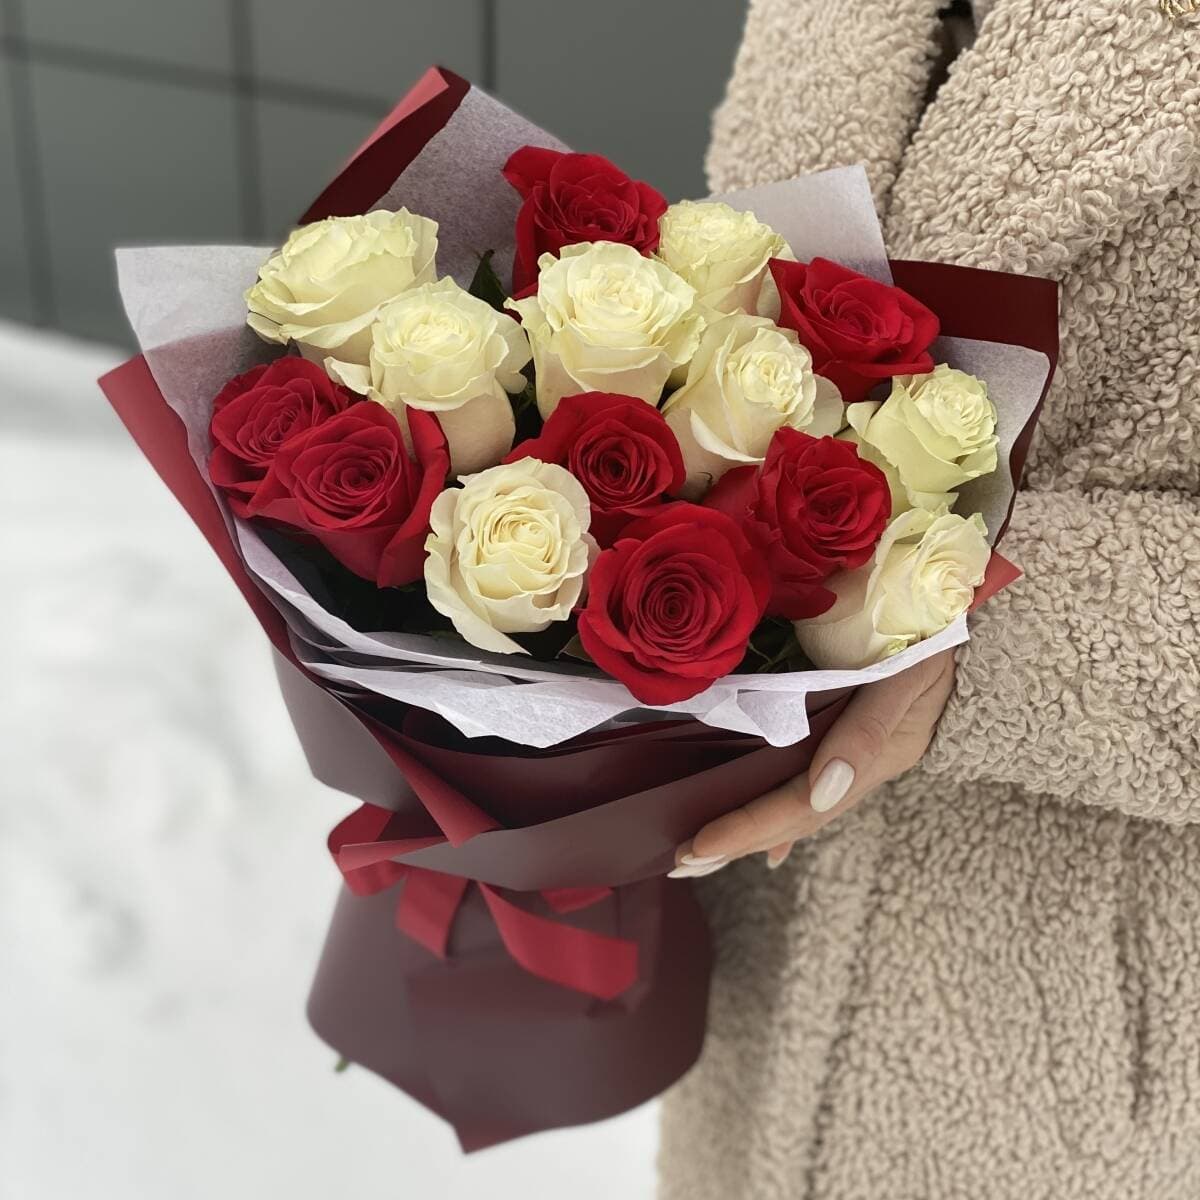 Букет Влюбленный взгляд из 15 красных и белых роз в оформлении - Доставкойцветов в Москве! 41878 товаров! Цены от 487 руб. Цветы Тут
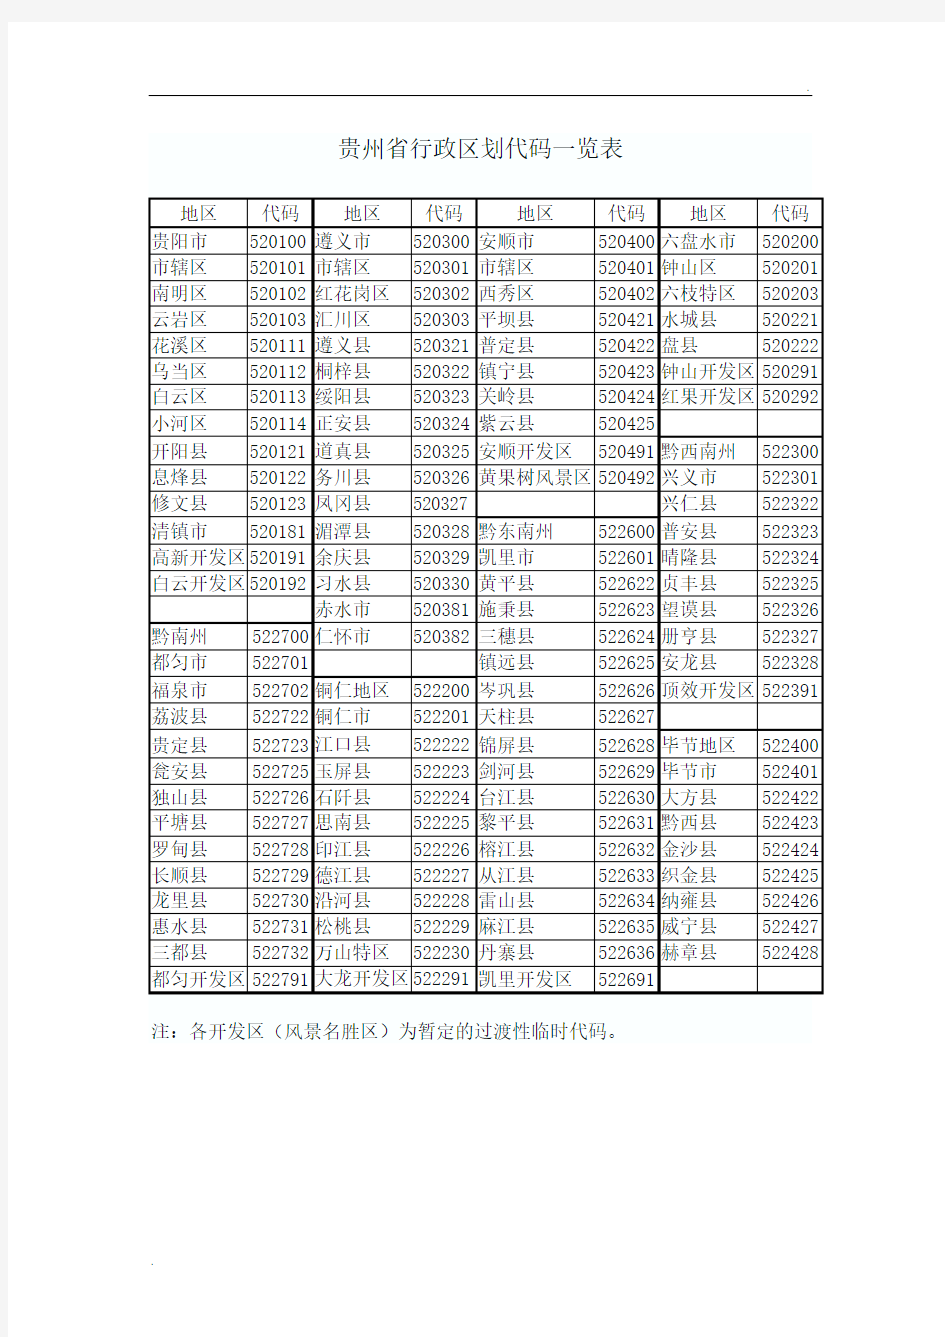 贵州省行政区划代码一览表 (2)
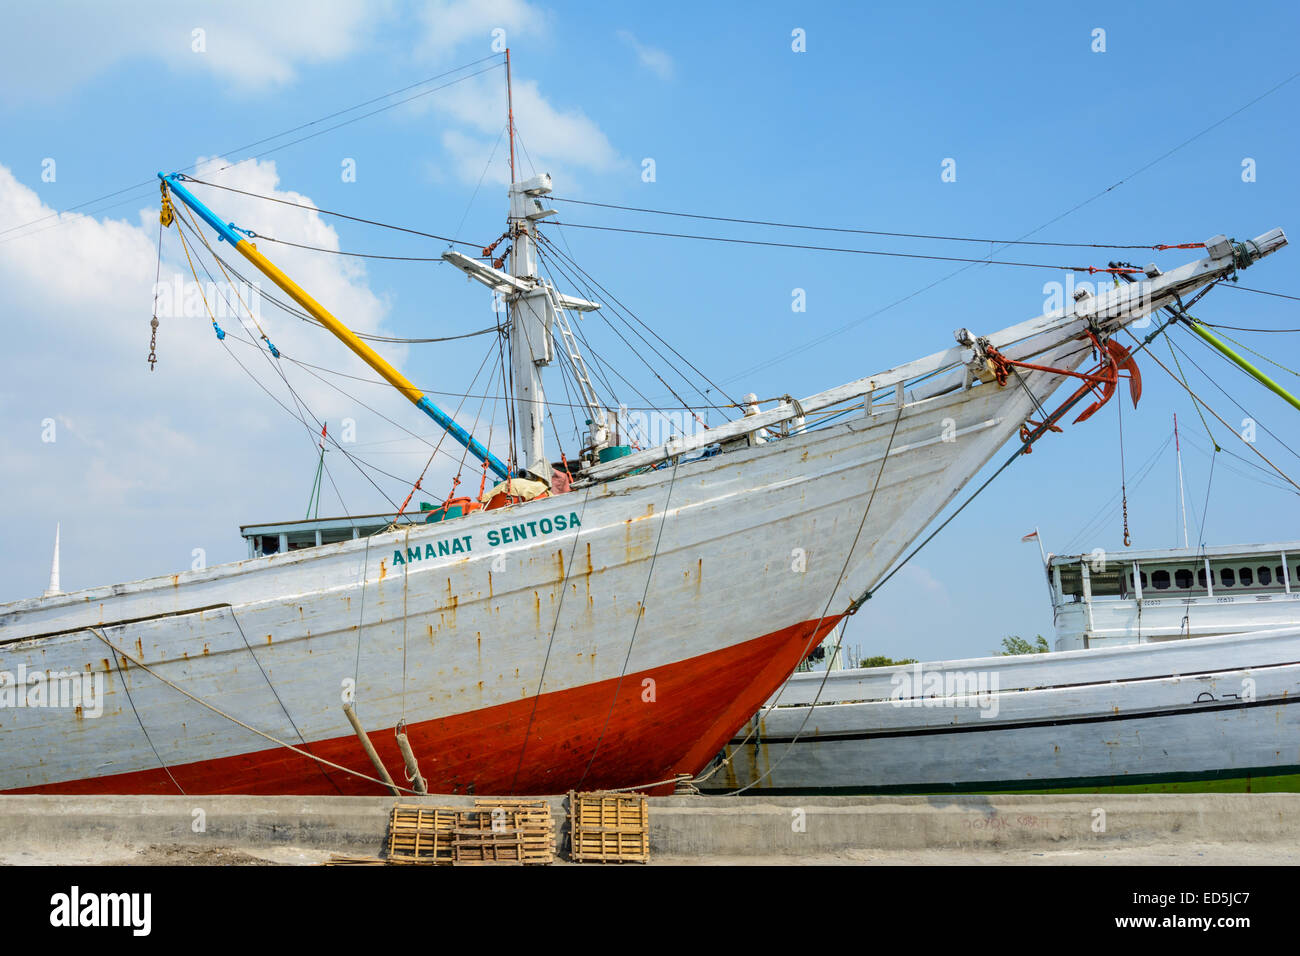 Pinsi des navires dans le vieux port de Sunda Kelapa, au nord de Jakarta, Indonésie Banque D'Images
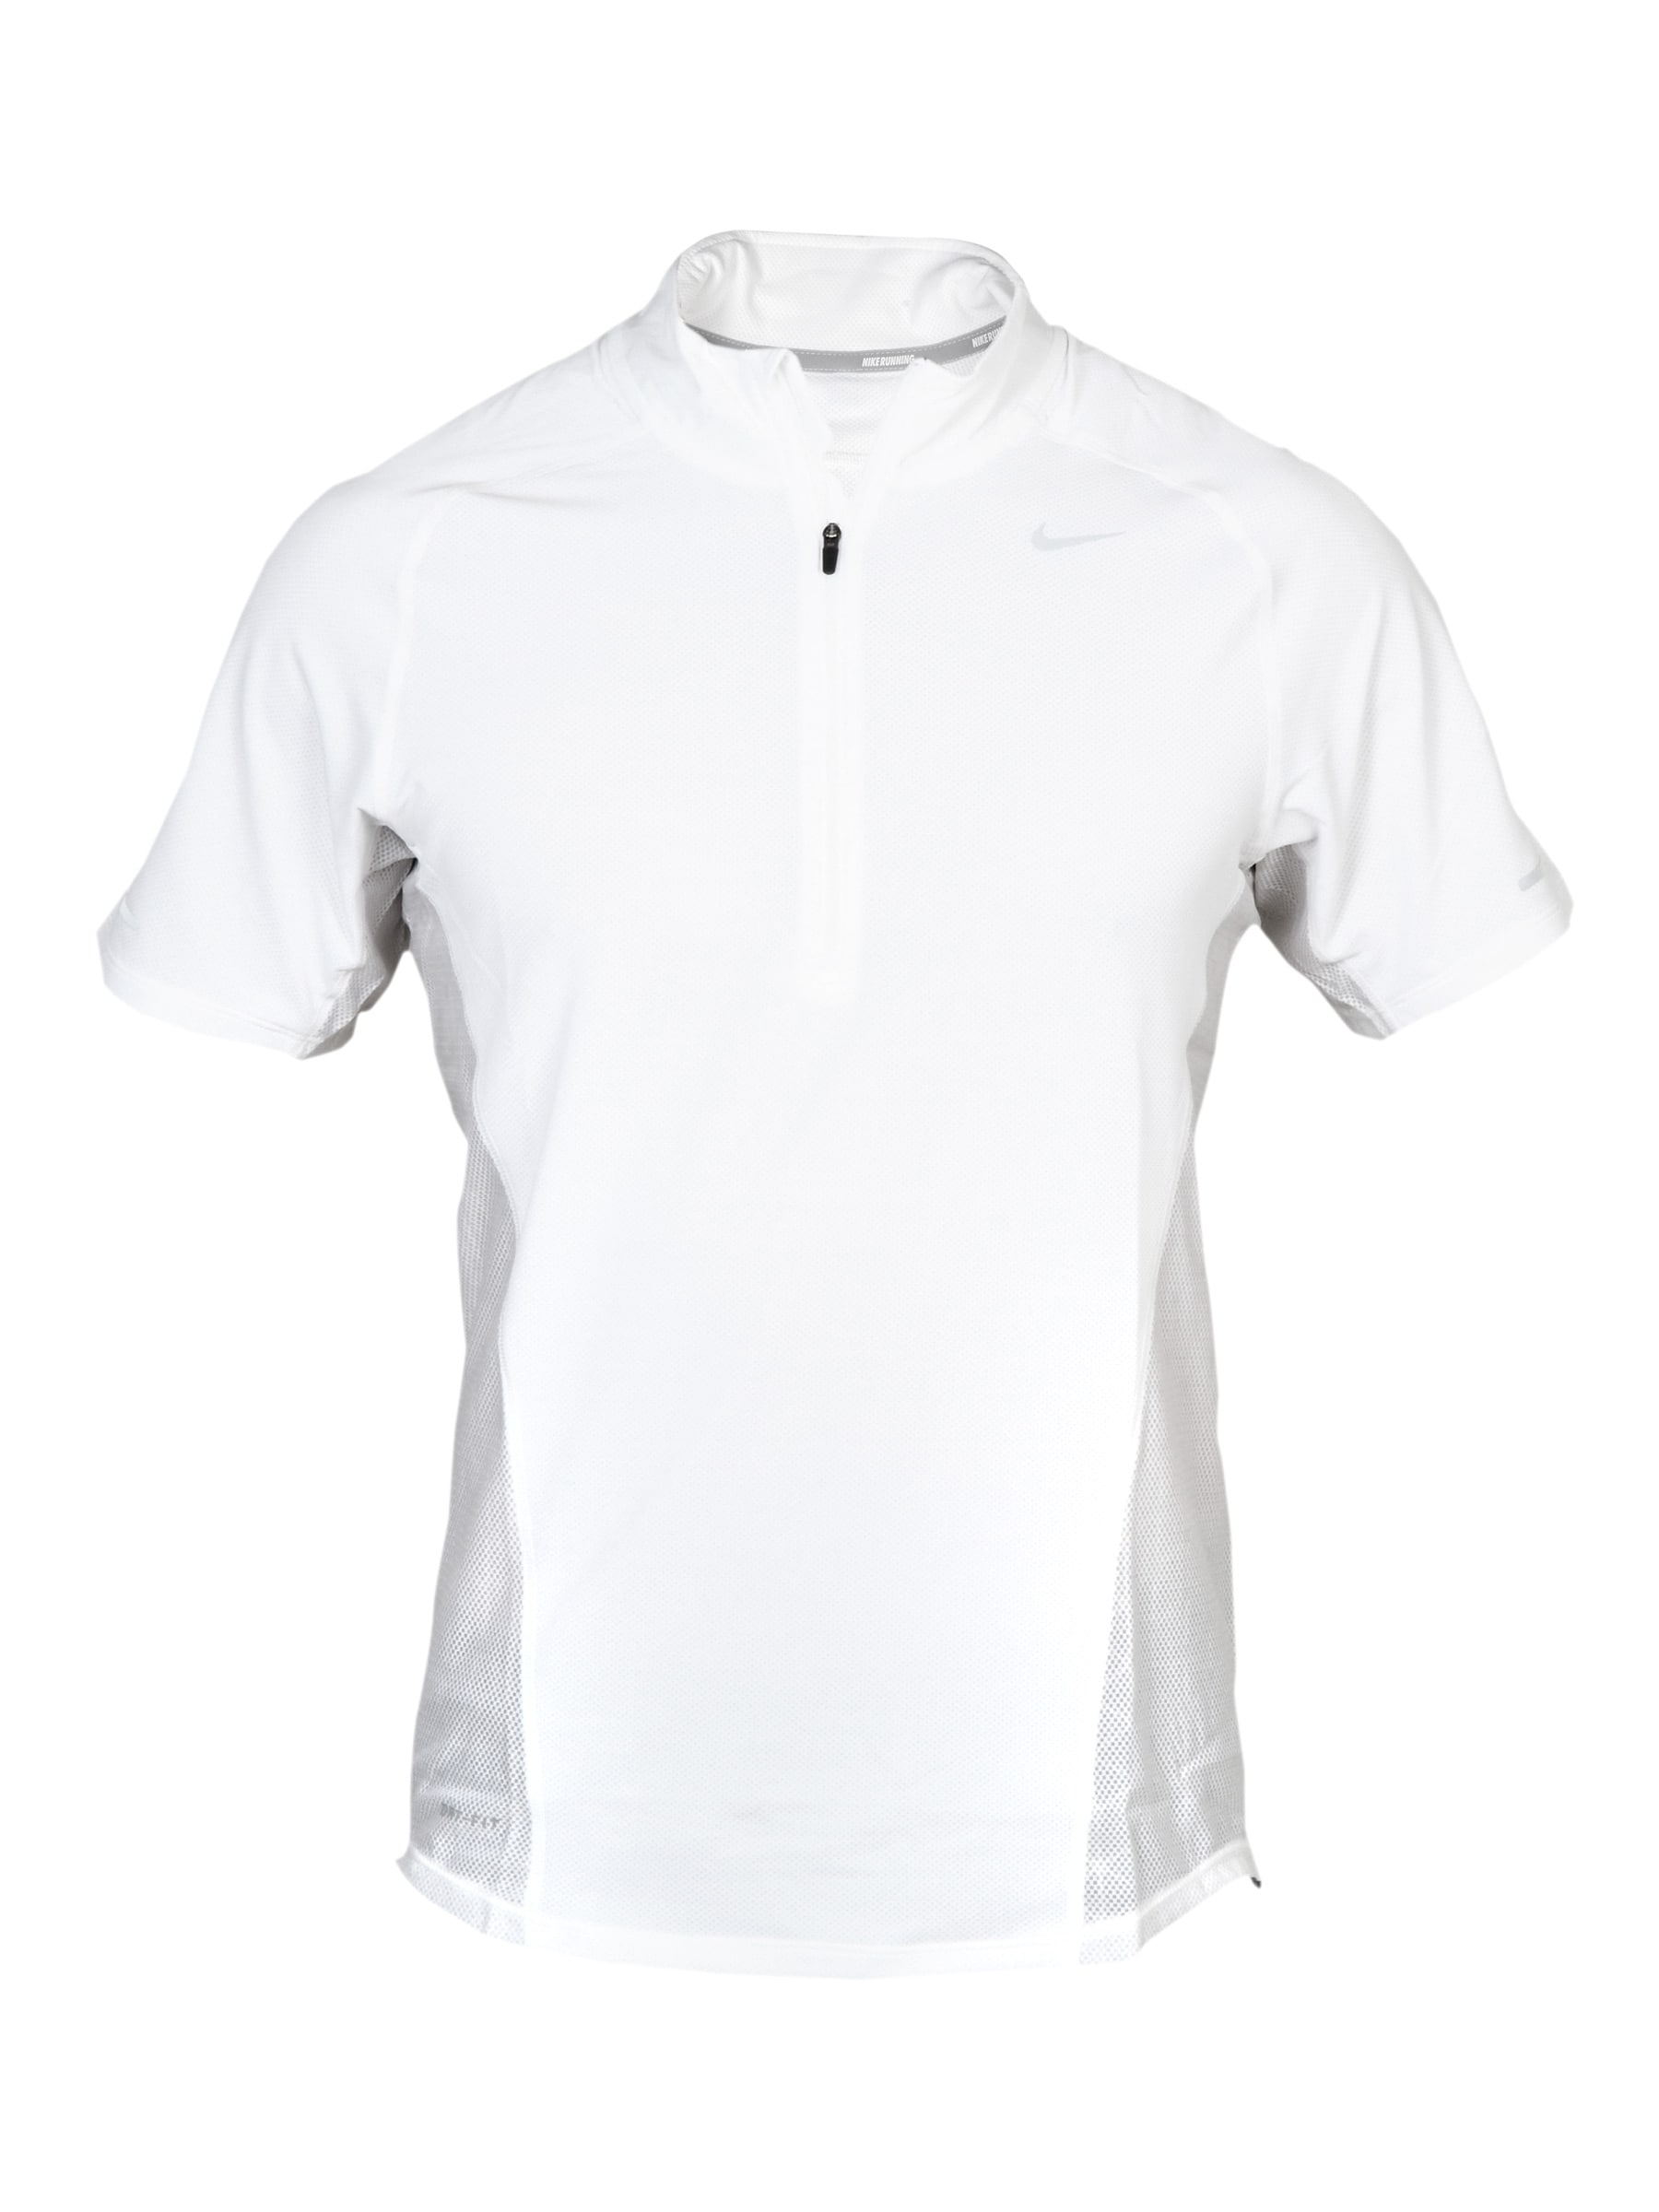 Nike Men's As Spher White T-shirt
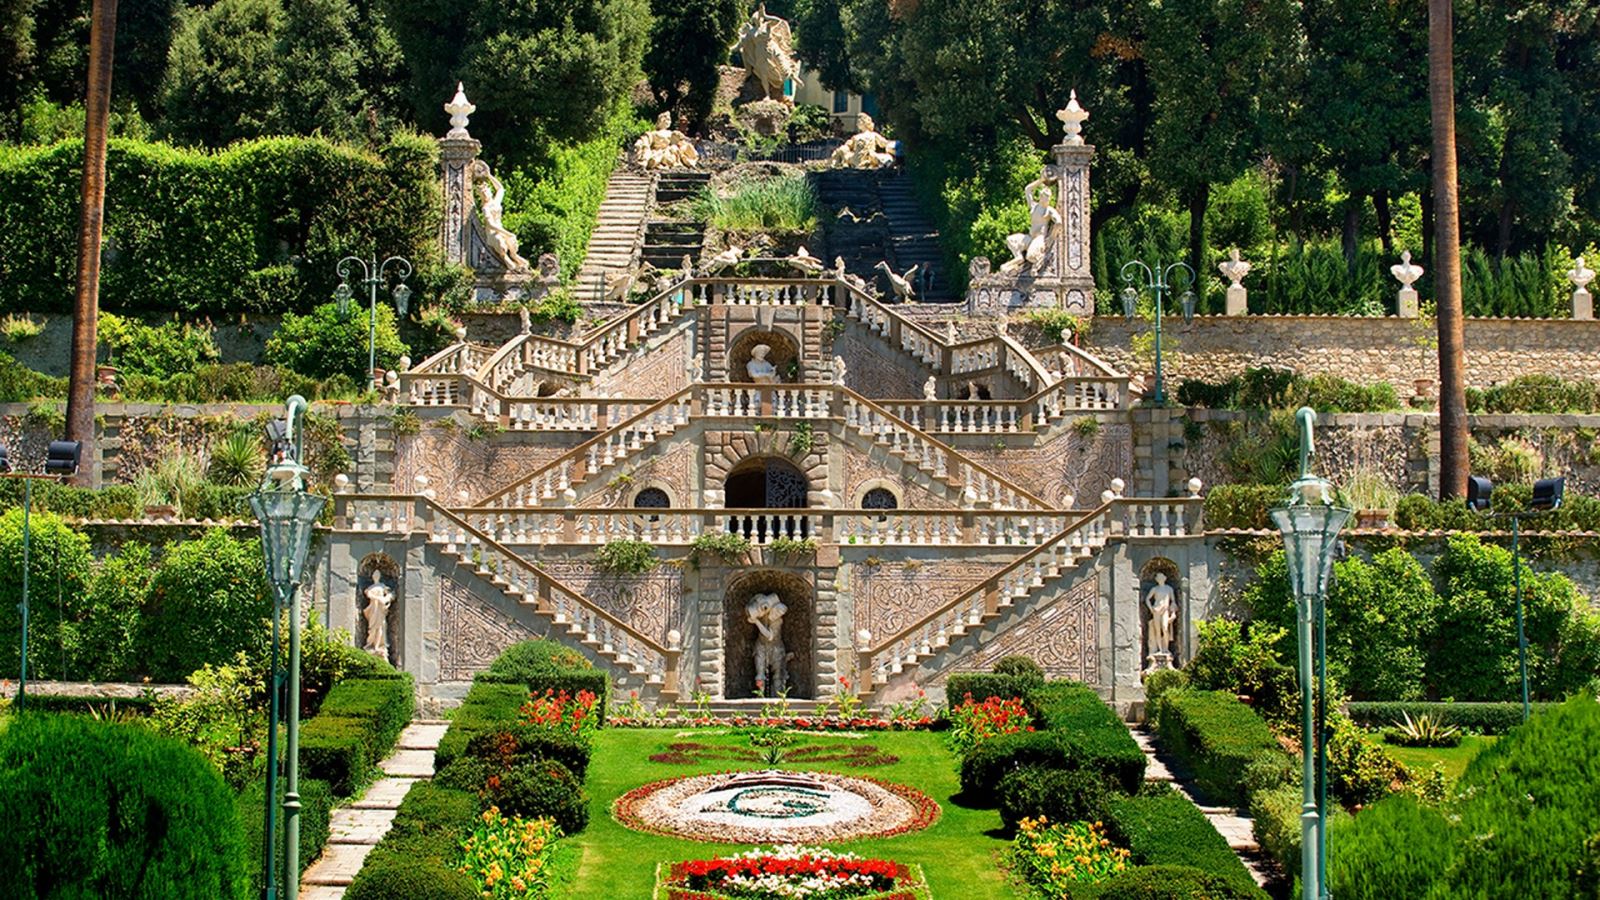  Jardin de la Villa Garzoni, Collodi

# # # #

#### [Directions]
Pictures aside, write out verbatim every line from the first line of the material through the line holding "Nike Men's As Spher White T-shirt".

#### [Exercise response]
 Букет Влюбленный взгляд из 15 красных и белых роз в оформлении - Доставкойцветов в Москве! 41878 товаров! Цены от 487 руб. Цветы Тут
 贵州省行政区划代码一览表 (2)
 Pinsi des navires dans le vieux port de Sunda Kelapa, au nord de Jakarta, Indonésie Banque D'Images
 Nike Men's As Spher White T-shirt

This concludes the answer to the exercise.